The VX-950 results are very impressive indeed, but this has been known since January (#msg-9177786). I don’t see anything in today’s PR, specifically, that changes the competitive landscape.

A cocktail involving HCV drugs with disparate MoAs is likely to emerge as the standard of care in a few years—preferably a cocktail that is all oral (no interferon). Based on the data to date, VX-950 and NM283 seem like fairly good bets to be included in such a cocktail.

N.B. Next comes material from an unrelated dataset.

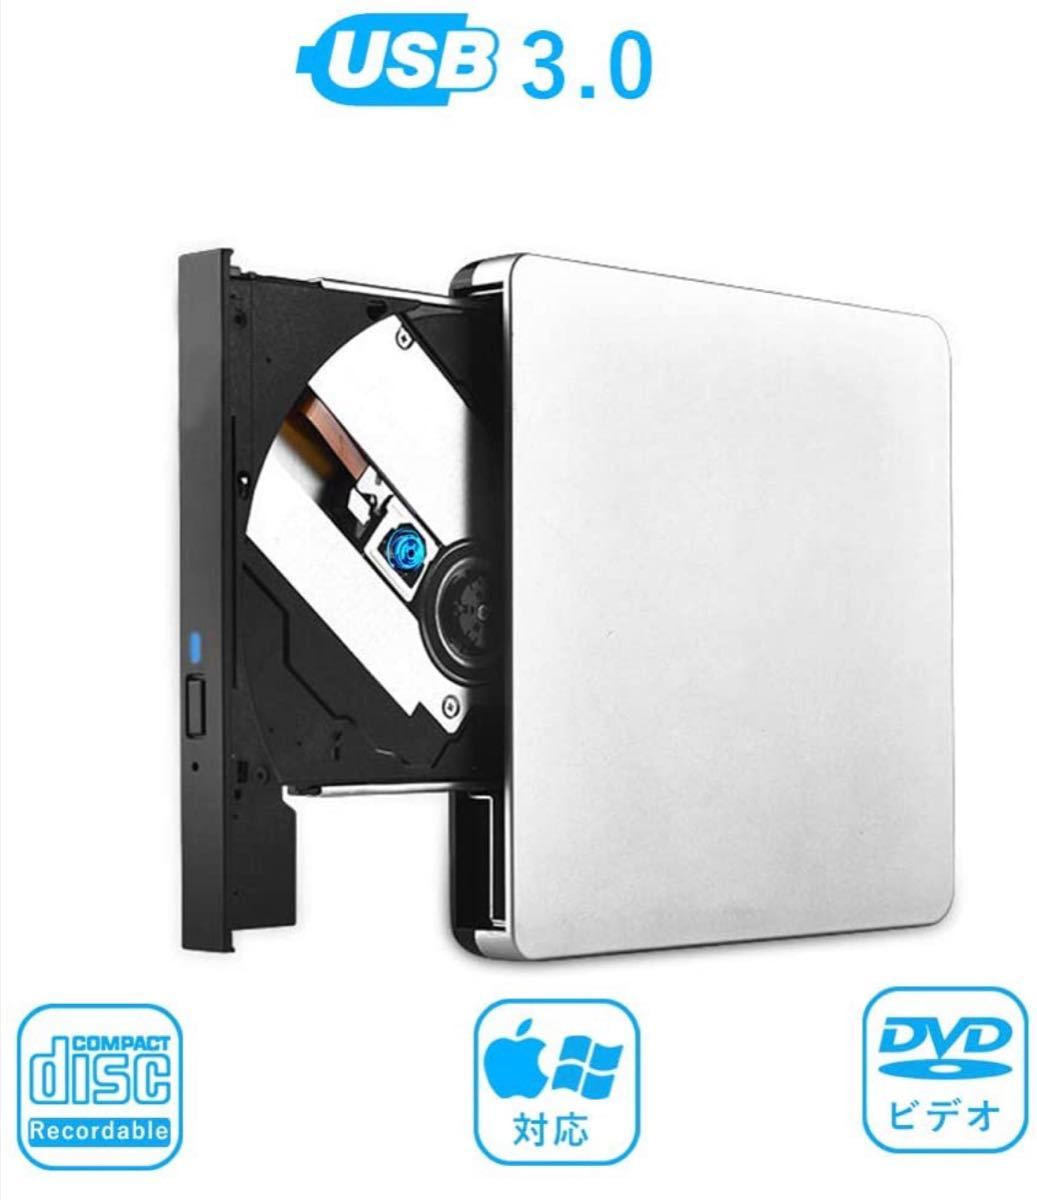 DVD・CD 再生ドライブ 再生USB 3.0ポータブル カラー: シルバー

VX-950 has the drawback of being administered thrice daily but, if the stellar efficacy holds up and there is no major problem with resistance, it ought to be able to overcome the dosing liability.

[poorgradstudent]

viral trials

One question about companies in this space: why are the majority of these trials in such few patient numbers?

I understand that these people's livers are at risk, but given the number of people with HCV, I would think that more than 8 patients could be dosed. If safety is a big concern at the FDA, moving cautiously makes sense to me; but on the other hand, having such small numbers in trials makes it more difficult to spot AEs, especially SAEs that may effect 5-10% of patients.

Is it the FDA acting as the bottleneck, or are companies skimping on the patient numbers that they bring into these trials?